Читаем без скачивания Зори не гаснут - Леонид Гартунг
Шрифт:
Интервал:
Закладка:
— Был уже? Меня тоже вызывает. Как, по-твоему, кто все-таки ранил Андрея?
— Не знаю. Следователь, например, уверен, что я.
— Тебе это показалось.
— Нет, улики складываются против меня.
— Какие же могут быть улики?
Я рассказал Олегу о разговоре со следователем. Он задумался:
— Действительно, непонятно, где же ты был?.. Мне это надо знать не из любопытства, — холодно говорит Олег. — Ты ведь комсомолец нашей организации.
— Я был у Нади.
Олег молчит, покусывает губы.
— Нехорошо складывается. Ты понимаешь, если дело дойдет до суда, то вам придется сказать правду. Легко ли это? Особенно ей…
— Все знаю, Олег.
— Ну, я пошел к следователю.
— Только об этом…
— Конечно. Ни слова.
Улыбнулся своей широкой, приветливой улыбкой, которую я у него так люблю.
— Путаники вы, путаники.
Проходя мимо дома Невьяновых, я замедляю шаг. В замороженных окнах что-то мелькнуло. Может быть, это Надя.

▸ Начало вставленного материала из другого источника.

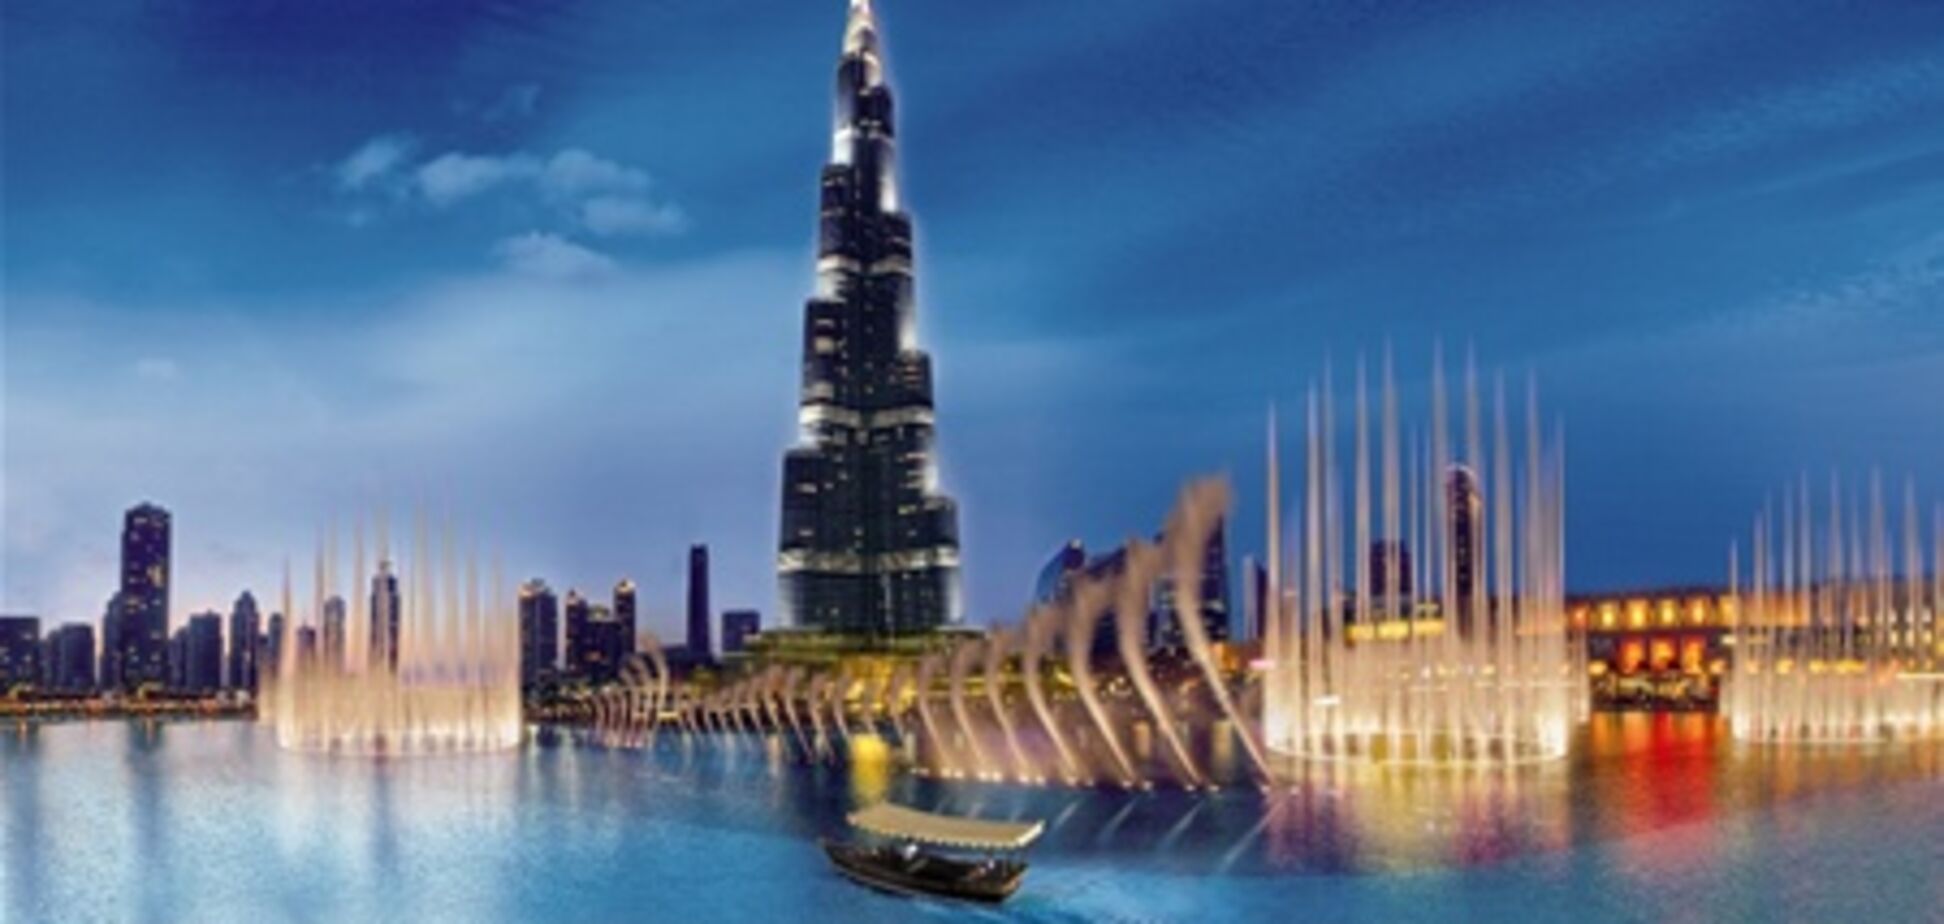 Новые водные экскурсии в Дубае

Идти к ней сейчас не могу, и к Новикову не пойду. Слишком все мутно, противно, нехорошо.
ПОСЛЕДНИЙ РАЗГОВОР
Какая усталость, как все глупо. Одно желание — плюхнуться в кровать, ни о чем не думать, никого не видеть. Спать!

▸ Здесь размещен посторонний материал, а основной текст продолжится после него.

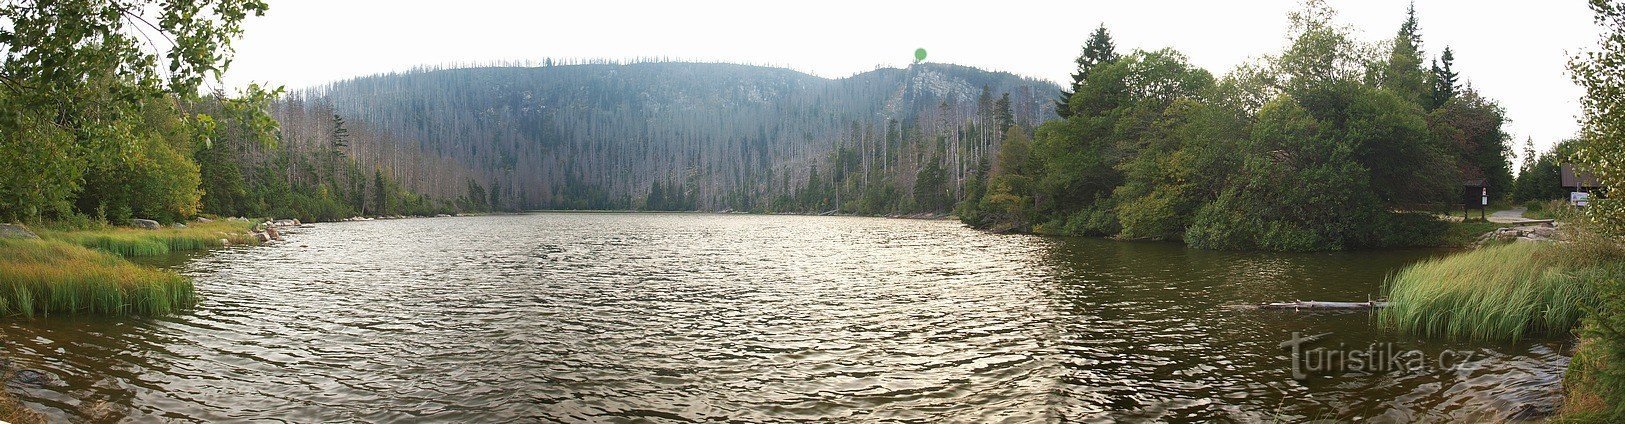 Φαλακρή λίμνη από το φράγμα της. Η πράσινη κουκκίδα δείχνει την άποψη με τον πέτρινο οβελί

Раздеваясь у себя в прихожей, чувствую неизвестно откуда взявшийся запах яблок. На вешалке к моему неуклюжему выездному тулупу прильнуло чье-то дамское пальто с пушистым меховым воротником и серыми большими пуговицами. Думаю с досадой: «Кто бы это мог быть?»
Вхожу в комнату. Никого, кроме Трезора. Он подбегает ко мне, трется мордой о колени. Замечаю на столе Аришину стеклянную вазу. В ней горкой наложена крупная антоновка. В пепельнице недокуренная папироса. На полу коричневый чемодан. В недоумении останавливаюсь около стола. Рядом скрипнула половица, и кто-то, прильнув ко мне сзади, прикрывает мне глаза холодными ладонями. Трезор рычит. Мне следует угадать, кто это, но угадывать нет охоты. Я отнимаю от лица чьи-то слегка сопротивляющиеся руки и оборачиваюсь. Предо мной стоит готовая расхохотаться Вера.

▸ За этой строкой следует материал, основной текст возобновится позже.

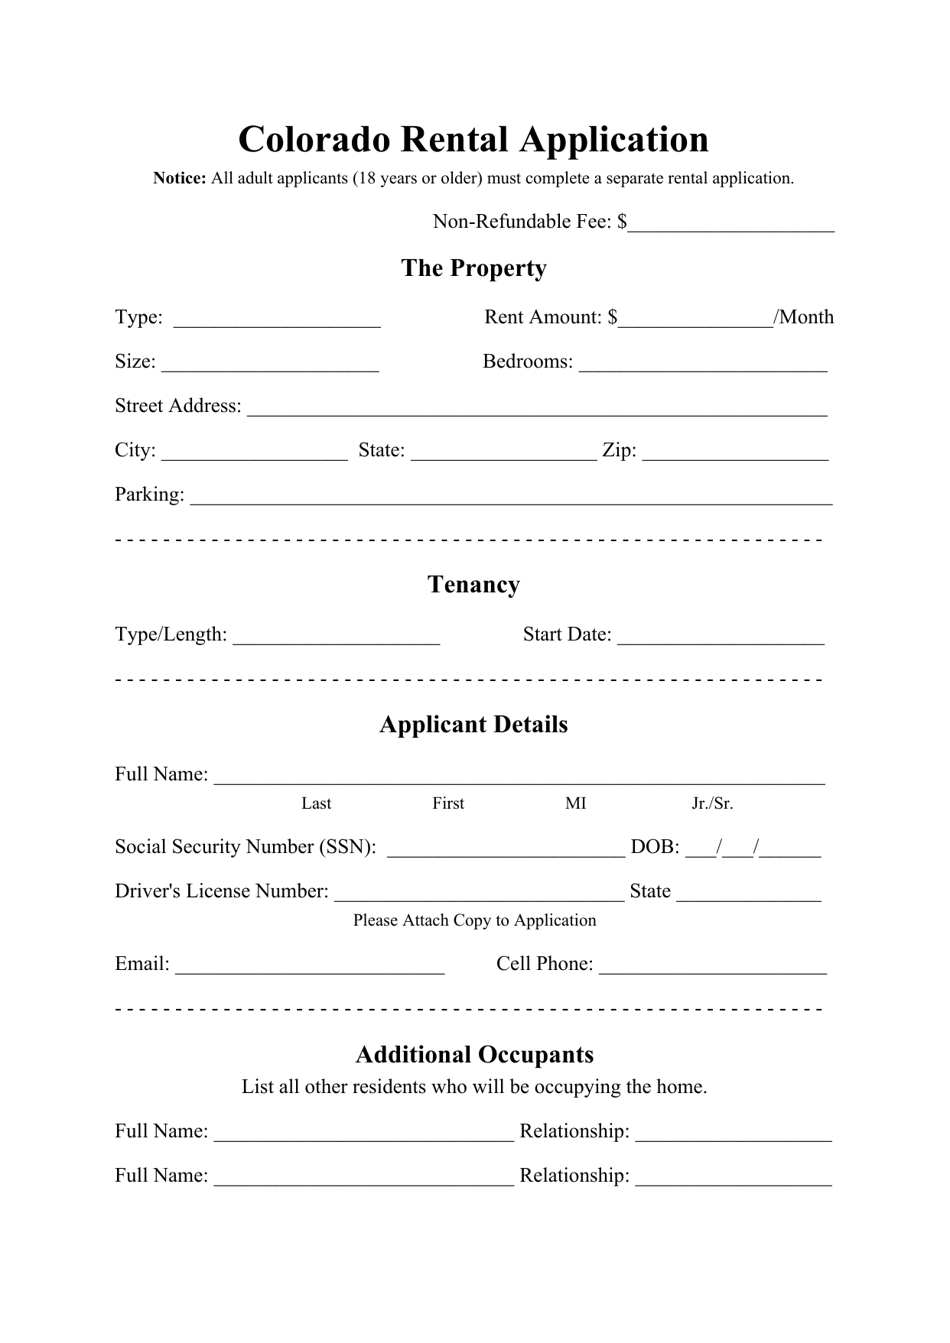 Rental Application Form - Colorado, Page 1

— Ты? — вырывается у меня от неожиданности.
— Не ждал?
Она жмет, тискает мою руку. Вглядывается мне в лицо, ждет чего-то. Чего? Что я обниму ее? Поцелую?
Вместо этого я говорю:
— Откуда ты взялась?
Напускное оживление ее уже исчезло. Она улыбается сдержанно.
— Взяла и приехала. И, кажется, как раз вовремя. Что ты смотришь на меня так дико?
Приблизилась к столу, взяла из пепельницы свою недокуренную папиросу.
— У тебя можно курить? — Закурила, выдохнула дым вверх, к потолку. — Ты извини, я тут прикорнула, дожидаясь тебя. На твоей постели. — Заговорила насмешливо: — Между прочим, я уже в курсе всех ваших новостей. Следователь. Допросы. Какие-то ножи и черт знает что… Мне шофер рассказывал. Я была поражена. Сибирь и вдруг испанские страсти. И, говорят, героиня романа — девушка? Хорошенькая? Очень?
— Зачем тебе это?
— Да, конечно, — с сарказмом бросила Вера. — Ни к чему, но в эту историю впутали тебя. Подозрения, допросы. Какая глупость! Я ведь говорила. Не надо было забиваться в такую глушь. Чего ты ждал от этих людей? Благодарности? Детская наивность!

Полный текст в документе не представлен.